#### MATERIAL PROVIDED:
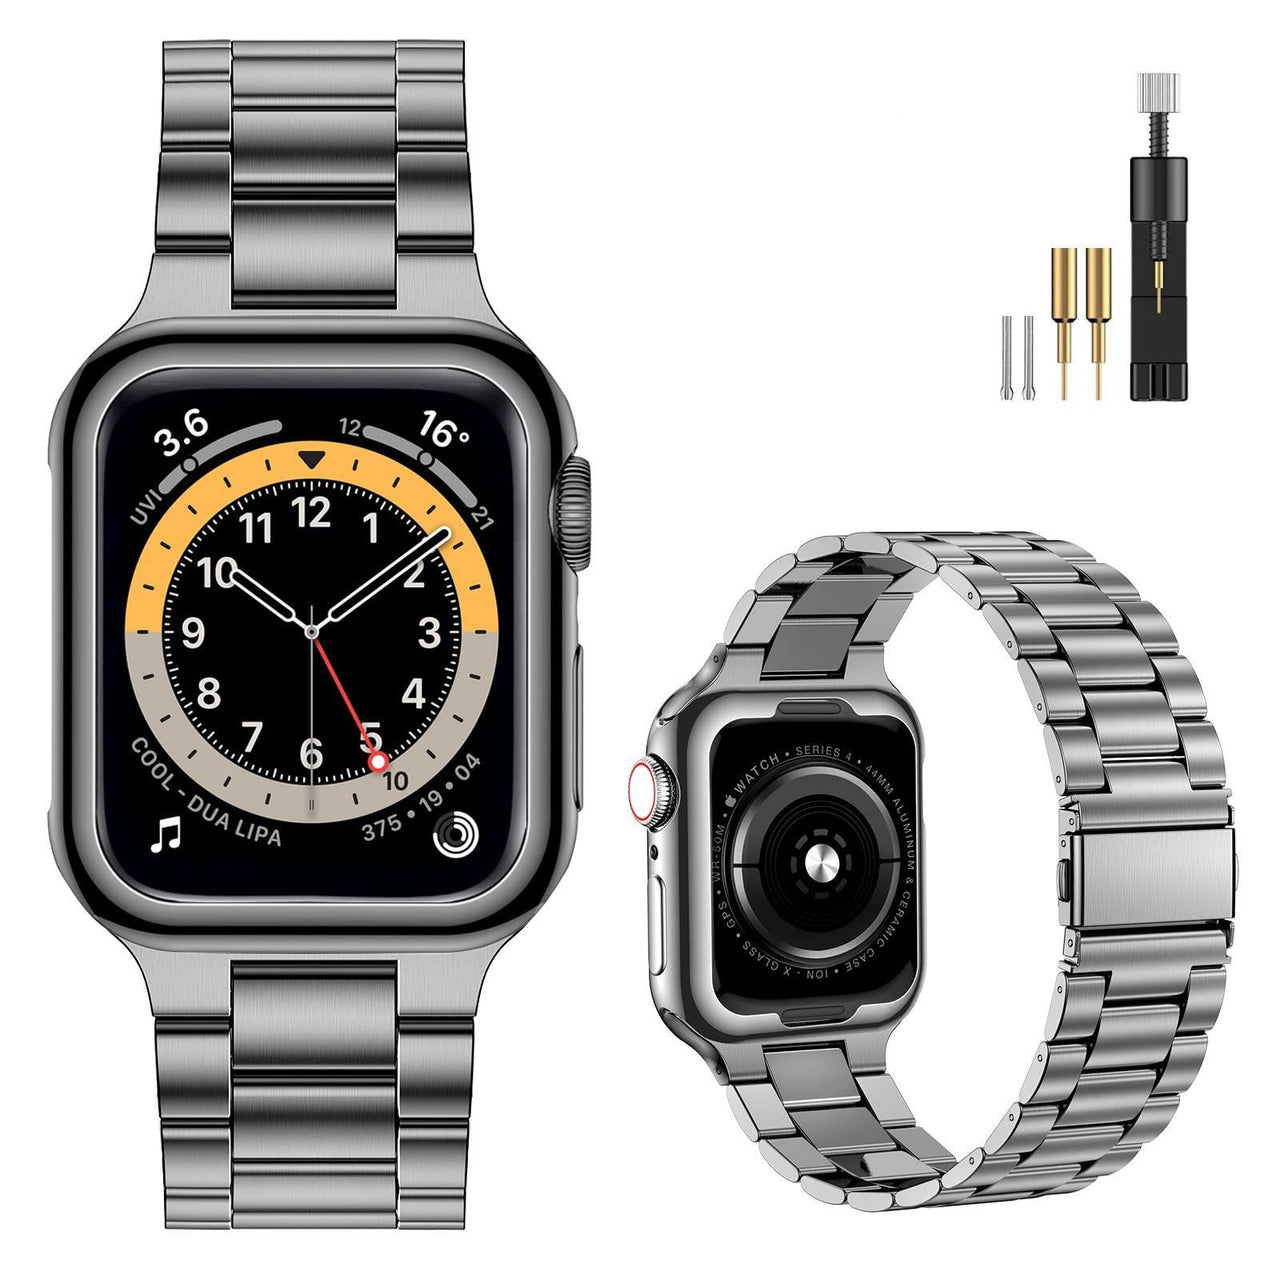 Premium Stainless Steel Strap for Apple Watch - watchband.direct
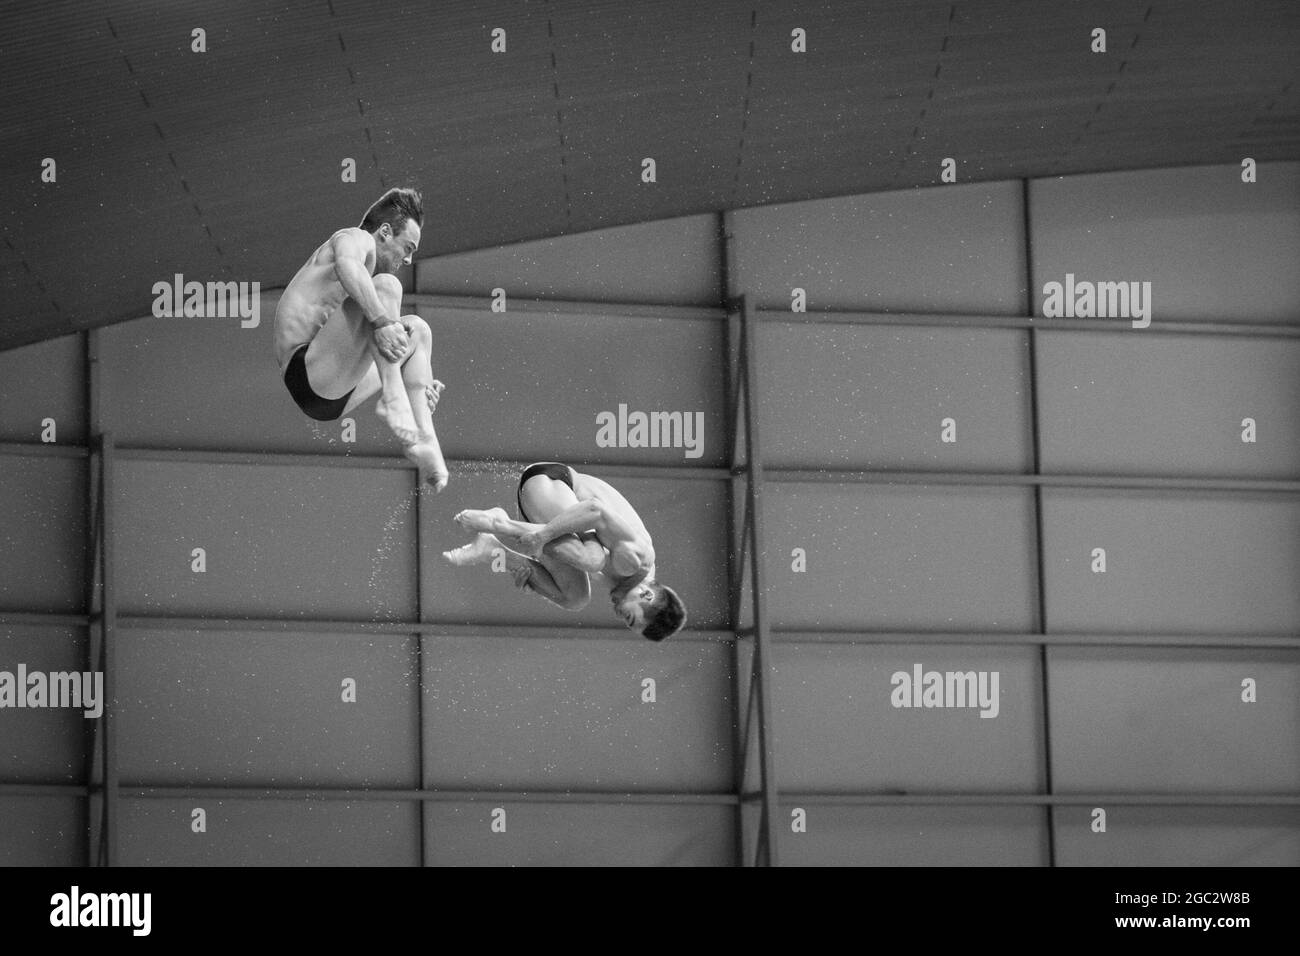 British divers Tom Daley (front) and Daniel Goodfellow in a 10m platform synchro dive, European Diving Championships, London, UK Stock Photo
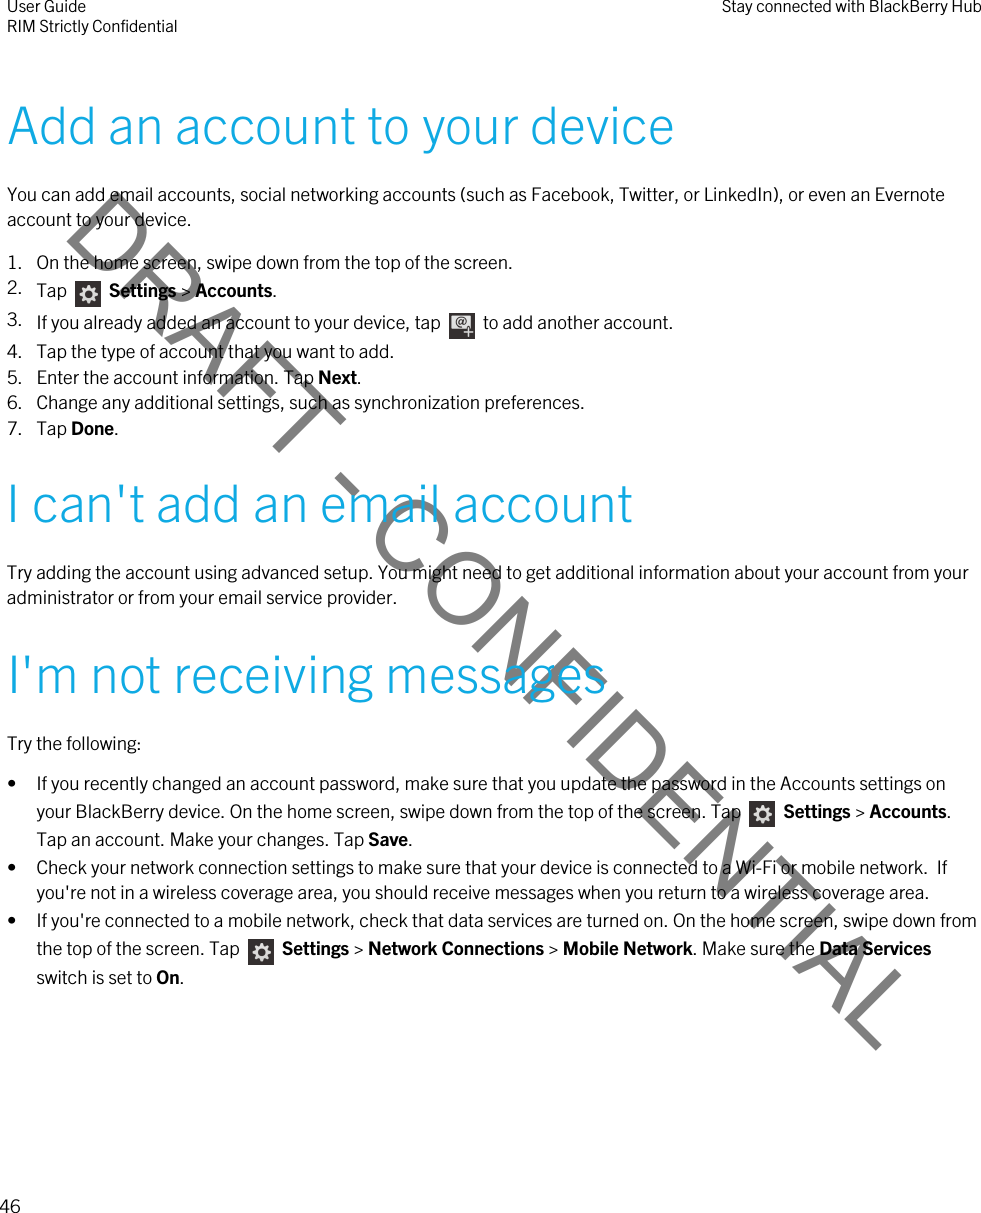 DRAFT - CONFIDENTIALAdd an account to your deviceYou can add email accounts, social networking accounts (such as Facebook, Twitter, or LinkedIn), or even an Evernote account to your device.1. On the home screen, swipe down from the top of the screen.2. Tap    Settings &gt; Accounts.3. If you already added an account to your device, tap    to add another account.4. Tap the type of account that you want to add.5. Enter the account information. Tap Next.6. Change any additional settings, such as synchronization preferences.7. Tap Done.I can&apos;t add an email accountTry adding the account using advanced setup. You might need to get additional information about your account from your administrator or from your email service provider.I&apos;m not receiving messagesTry the following:• If you recently changed an account password, make sure that you update the password in the Accounts settings on your BlackBerry device. On the home screen, swipe down from the top of the screen. Tap   Settings &gt; Accounts. Tap an account. Make your changes. Tap Save.• Check your network connection settings to make sure that your device is connected to a Wi-Fi or mobile network.  If you&apos;re not in a wireless coverage area, you should receive messages when you return to a wireless coverage area.• If you&apos;re connected to a mobile network, check that data services are turned on. On the home screen, swipe down from the top of the screen. Tap    Settings &gt; Network Connections &gt; Mobile Network. Make sure the Data Services switch is set to On.User GuideRIM Strictly Confidential Stay connected with BlackBerry Hub46

#### WORK ITEM:
Where the data includes pictures, leave them out and write out everything else exactly.

#### ANSWER BOX:
 Premium Stainless Steel Strap for Apple Watch - watchband.direct
 British divers Tom Daley (front) and Daniel Goodfellow in a 10m platform synchro dive, European Diving Championships, London, UK Stock Photo
 DRAFT - CONFIDENTIALAdd an account to your deviceYou can add email accounts, social networking accounts (such as Facebook, Twitter, or LinkedIn), or even an Evernote account to your device.1. On the home screen, swipe down from the top of the screen.2. Tap    Settings &gt; Accounts.3. If you already added an account to your device, tap    to add another account.4. Tap the type of account that you want to add.5. Enter the account information. Tap Next.6. Change any additional settings, such as synchronization preferences.7. Tap Done.I can&apos;t add an email accountTry adding the account using advanced setup. You might need to get additional information about your account from your administrator or from your email service provider.I&apos;m not receiving messagesTry the following:• If you recently changed an account password, make sure that you update the password in the Accounts settings on your BlackBerry device. On the home screen, swipe down from the top of the screen. Tap   Settings &gt; Accounts. Tap an account. Make your changes. Tap Save.• Check your network connection settings to make sure that your device is connected to a Wi-Fi or mobile network.  If you&apos;re not in a wireless coverage area, you should receive messages when you return to a wireless coverage area.• If you&apos;re connected to a mobile network, check that data services are turned on. On the home screen, swipe down from the top of the screen. Tap    Settings &gt; Network Connections &gt; Mobile Network. Make sure the Data Services switch is set to On.User GuideRIM Strictly Confidential Stay connected with BlackBerry Hub46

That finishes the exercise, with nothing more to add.